I'm very excited to welcome guest author
to the blog today!
See below for her giveaway!
Welcome, Theresa! Please share a little about yourself, your genres, any other pen names you use.
First, thanks so much for inviting me to hang out with you today! Well, I’m Theresa Meyers. I started writing in junior high for the newspaper and thought I wanted to be a journalist all through school. I started my first novel when I was 17, mostly as a way to get a pretty cool self-designed elective along with two friends where all we had to do was produce pages to get an A in the class. But then stuff like college and life intervened and it wasn’t until 2003 that I started getting very serious about writing fiction. In that time I’ve been through two agents, had two children, lived in Oregon, Arizona and Washington, gone to college, worked a lot of different PR jobs, opened a public relations firm for ten years and written lots and lots of books.

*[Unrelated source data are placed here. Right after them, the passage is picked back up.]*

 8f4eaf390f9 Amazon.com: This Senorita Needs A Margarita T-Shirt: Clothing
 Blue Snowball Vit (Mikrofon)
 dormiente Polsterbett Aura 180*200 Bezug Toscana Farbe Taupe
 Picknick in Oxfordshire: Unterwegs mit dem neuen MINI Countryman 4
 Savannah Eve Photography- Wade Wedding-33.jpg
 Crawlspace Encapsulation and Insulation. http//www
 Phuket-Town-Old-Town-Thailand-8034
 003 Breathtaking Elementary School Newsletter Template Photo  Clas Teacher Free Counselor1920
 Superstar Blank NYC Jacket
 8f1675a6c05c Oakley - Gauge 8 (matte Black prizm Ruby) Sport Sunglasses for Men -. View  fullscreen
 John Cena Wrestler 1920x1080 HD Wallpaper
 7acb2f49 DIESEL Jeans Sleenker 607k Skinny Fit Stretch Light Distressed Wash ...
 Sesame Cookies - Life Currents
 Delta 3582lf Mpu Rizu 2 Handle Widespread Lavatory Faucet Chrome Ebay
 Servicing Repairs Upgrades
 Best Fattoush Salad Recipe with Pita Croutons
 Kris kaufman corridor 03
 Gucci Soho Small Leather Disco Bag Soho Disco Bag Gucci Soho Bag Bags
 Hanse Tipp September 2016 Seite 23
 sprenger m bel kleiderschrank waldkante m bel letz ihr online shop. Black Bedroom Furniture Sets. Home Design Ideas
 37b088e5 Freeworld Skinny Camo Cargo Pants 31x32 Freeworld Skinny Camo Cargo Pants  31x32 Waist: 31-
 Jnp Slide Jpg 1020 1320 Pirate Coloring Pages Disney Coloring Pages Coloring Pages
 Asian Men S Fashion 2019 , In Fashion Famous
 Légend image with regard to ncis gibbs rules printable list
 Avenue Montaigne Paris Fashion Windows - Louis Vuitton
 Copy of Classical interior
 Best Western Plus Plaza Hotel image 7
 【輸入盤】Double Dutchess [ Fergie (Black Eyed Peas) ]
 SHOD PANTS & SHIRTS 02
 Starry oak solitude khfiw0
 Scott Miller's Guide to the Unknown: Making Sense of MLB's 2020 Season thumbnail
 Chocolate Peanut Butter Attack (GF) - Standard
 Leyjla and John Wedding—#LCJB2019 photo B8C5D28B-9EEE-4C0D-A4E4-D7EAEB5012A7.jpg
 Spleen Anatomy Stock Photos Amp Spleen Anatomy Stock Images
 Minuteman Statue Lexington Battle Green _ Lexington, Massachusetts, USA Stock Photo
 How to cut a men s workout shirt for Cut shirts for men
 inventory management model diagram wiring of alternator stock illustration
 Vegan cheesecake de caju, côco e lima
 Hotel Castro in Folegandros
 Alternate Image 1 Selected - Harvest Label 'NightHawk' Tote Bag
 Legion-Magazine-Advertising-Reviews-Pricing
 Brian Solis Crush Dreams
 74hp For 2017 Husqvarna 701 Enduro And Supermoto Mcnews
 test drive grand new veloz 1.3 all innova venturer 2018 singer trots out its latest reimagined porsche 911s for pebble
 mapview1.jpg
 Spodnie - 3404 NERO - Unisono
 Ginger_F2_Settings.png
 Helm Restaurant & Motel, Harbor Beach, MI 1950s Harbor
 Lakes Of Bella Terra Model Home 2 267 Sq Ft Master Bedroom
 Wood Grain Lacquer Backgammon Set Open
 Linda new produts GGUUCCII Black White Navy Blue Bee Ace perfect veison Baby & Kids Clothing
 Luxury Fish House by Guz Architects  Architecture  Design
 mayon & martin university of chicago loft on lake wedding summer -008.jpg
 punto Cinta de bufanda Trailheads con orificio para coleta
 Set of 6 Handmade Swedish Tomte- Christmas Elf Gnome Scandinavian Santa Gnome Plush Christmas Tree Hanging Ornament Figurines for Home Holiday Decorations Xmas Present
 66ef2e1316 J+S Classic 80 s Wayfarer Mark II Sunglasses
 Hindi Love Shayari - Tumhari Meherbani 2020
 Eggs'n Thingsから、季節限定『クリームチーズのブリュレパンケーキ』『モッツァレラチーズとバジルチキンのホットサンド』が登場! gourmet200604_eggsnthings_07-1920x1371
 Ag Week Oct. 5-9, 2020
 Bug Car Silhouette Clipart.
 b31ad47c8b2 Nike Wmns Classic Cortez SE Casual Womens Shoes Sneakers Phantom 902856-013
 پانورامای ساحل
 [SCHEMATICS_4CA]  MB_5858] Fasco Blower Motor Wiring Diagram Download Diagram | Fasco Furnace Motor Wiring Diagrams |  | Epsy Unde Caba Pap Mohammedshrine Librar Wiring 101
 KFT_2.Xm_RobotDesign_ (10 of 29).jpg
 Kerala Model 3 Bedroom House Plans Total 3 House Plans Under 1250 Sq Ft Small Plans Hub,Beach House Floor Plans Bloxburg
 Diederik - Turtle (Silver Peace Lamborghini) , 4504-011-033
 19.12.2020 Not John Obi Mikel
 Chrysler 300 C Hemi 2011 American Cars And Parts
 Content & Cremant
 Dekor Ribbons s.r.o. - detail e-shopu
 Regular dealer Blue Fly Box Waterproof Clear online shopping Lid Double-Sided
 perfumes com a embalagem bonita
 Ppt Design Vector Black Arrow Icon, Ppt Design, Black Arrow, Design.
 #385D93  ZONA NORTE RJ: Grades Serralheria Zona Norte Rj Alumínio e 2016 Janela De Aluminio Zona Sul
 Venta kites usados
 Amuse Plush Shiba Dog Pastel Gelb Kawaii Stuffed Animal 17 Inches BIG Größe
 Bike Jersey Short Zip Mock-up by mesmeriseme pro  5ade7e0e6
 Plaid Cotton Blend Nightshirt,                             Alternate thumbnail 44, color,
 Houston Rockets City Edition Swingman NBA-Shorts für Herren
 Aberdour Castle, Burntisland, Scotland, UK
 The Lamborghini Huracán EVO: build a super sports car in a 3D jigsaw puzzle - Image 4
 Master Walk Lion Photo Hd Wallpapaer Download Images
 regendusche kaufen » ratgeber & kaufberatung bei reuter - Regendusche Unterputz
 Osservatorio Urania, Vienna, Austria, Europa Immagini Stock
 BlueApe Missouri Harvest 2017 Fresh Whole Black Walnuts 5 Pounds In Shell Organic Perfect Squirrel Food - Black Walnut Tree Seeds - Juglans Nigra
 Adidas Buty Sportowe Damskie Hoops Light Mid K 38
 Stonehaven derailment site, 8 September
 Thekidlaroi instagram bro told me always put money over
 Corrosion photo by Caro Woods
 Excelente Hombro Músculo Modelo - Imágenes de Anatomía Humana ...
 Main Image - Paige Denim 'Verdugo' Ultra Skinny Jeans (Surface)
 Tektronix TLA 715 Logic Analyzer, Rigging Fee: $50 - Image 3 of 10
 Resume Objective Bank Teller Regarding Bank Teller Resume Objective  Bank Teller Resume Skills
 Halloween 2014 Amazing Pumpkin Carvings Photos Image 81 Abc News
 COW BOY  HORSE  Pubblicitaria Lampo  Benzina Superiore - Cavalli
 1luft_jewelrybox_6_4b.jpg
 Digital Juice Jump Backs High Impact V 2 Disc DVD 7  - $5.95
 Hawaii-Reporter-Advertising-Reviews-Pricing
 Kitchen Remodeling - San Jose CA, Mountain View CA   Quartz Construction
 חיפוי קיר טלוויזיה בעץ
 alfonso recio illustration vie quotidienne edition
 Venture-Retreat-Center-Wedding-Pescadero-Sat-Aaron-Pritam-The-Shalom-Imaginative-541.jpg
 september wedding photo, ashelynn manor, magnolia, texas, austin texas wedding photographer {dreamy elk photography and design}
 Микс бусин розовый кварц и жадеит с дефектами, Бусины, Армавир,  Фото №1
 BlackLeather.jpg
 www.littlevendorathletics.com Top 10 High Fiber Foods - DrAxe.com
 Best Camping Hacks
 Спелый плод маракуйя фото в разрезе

Right now I’m writing full time, mostly in paranormal romance, but also some in historical (including steampunk), and contemporary as well, and teaching classes online. Currently I’m writing the Sons of Midnight mini series which features vampires and werewolves for Harlequin Nocturne, the Legend Chronicles steampunk series for Kensington’s Zebra line, dark fae urban fantasy Shadow Sister series and several contemporary romances for Entangled Publishing.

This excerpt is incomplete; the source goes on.